For the set of possible solutions $a$ we know only that it is again unlimited, because even for $N=1$ and $1= T(a;A)$ we get infinitely many solutions: $A \in \{2,4,6,8,...\}$ and $a \in \{1,5,21,85,...{4^k-1\over3} \}$.

For the question of existence of cycles, however, this is a very powerful tool!

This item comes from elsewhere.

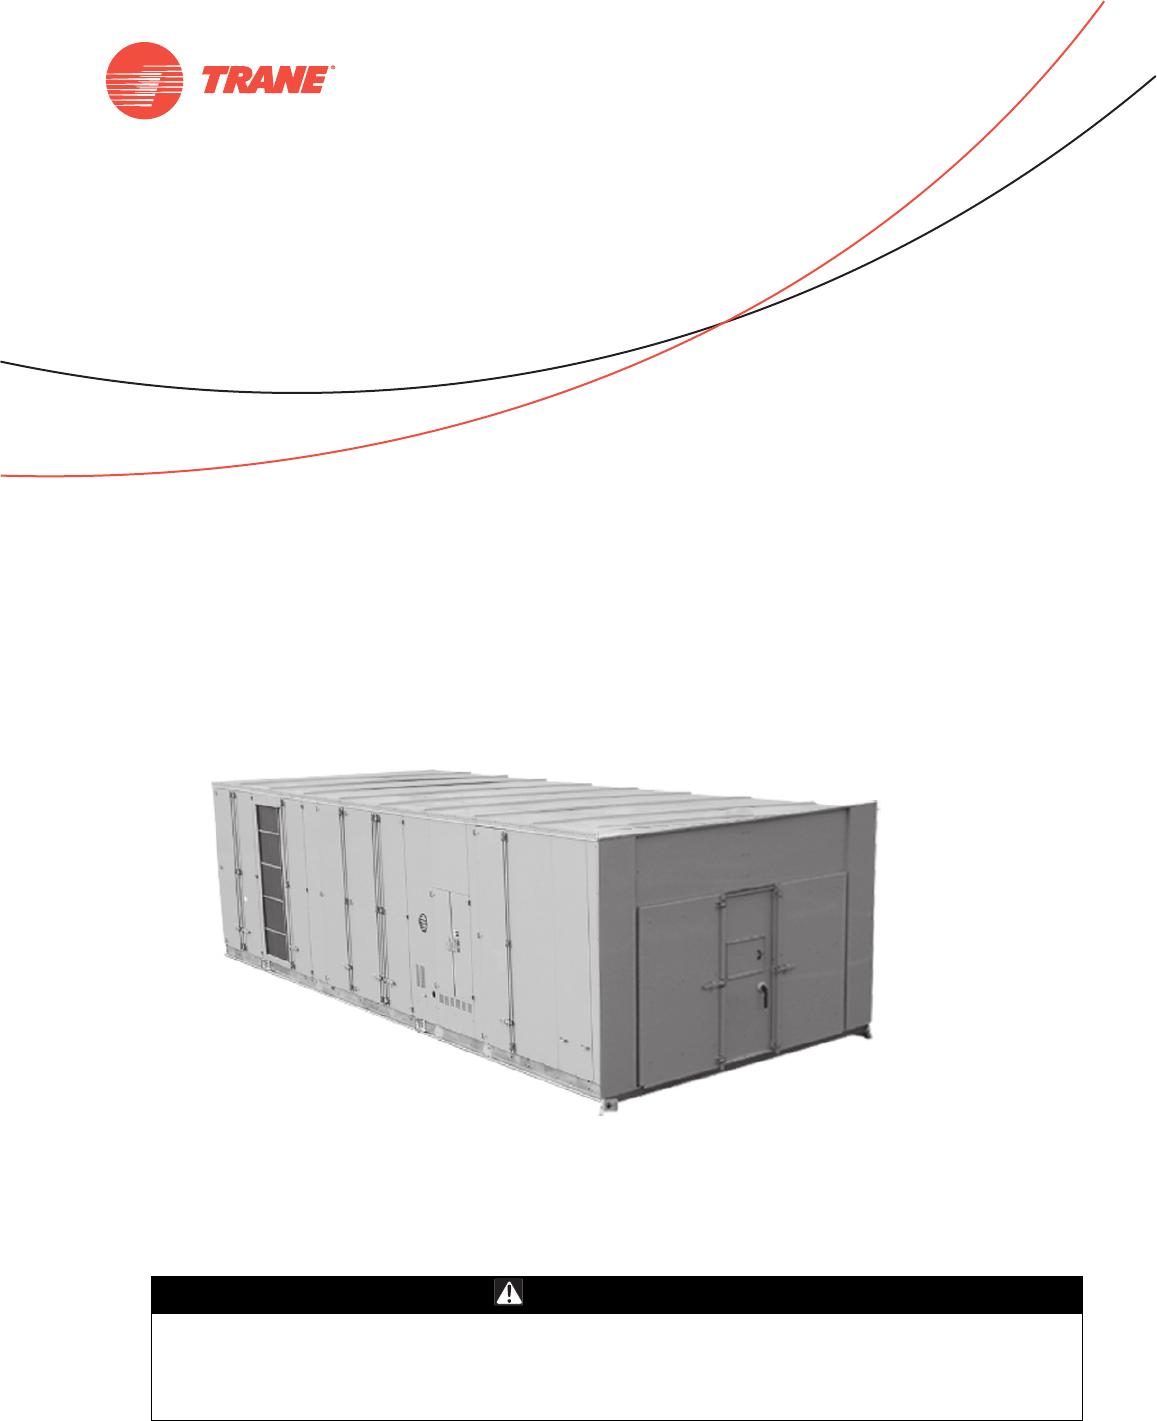 Trane Intellipak Ii 90 To 162 Tons Installation And Maintenance Baysens019c Thermostat Wiring Diagram Safety Warning

When we ask, whether $a = T(a;A_1,A_2,...,A_N)$ with $N=100$ has a solution in odd $a>1 \in \mathbb N^+$ then we find first, that $S=159$ because $2^S \gt 3^N \gt 2^{S-1}$ is (implicitely) required. With this we can ask, whether there can a solution exist with $$ 2^S = (3 + {1 \over a_1})(3 + {1 \over a_2})...(3 + {1 \over a_N}) $$ We can estimate a mean $a_m$ by $$ 2^{S/N} = (3 + {1 \over a_m}) \\ a_m = {1 \over2^{S/N} -3 } \approx 95.3 $$ Because it is a (rough) mean value many $a_k$ must be smaller and the other $a_k$ must be larger than that $a_m$. But because the $a_k$ can only be congruent $\pm 1 \pmod 6$ only $95.3/3 \approx 32$ such numbers are below $a_m$, which is less than the half of the available 100 $a_k$. So very likely we can not have a solution and thus not a cycle.
We can make it even sharper and find, that the minimal element $a_1 < 13 $ is required, - and by trying only that handful of candidates $a_k <13 \in {5,7,11} $ we find that all fall down to $1$ and are thus not members of a cycle.

Conclusion: By this we have proven, that a cycle of length $N=100$ odd steps cannot exist - and for such proofs that general schema of notations and formulae is very powerful.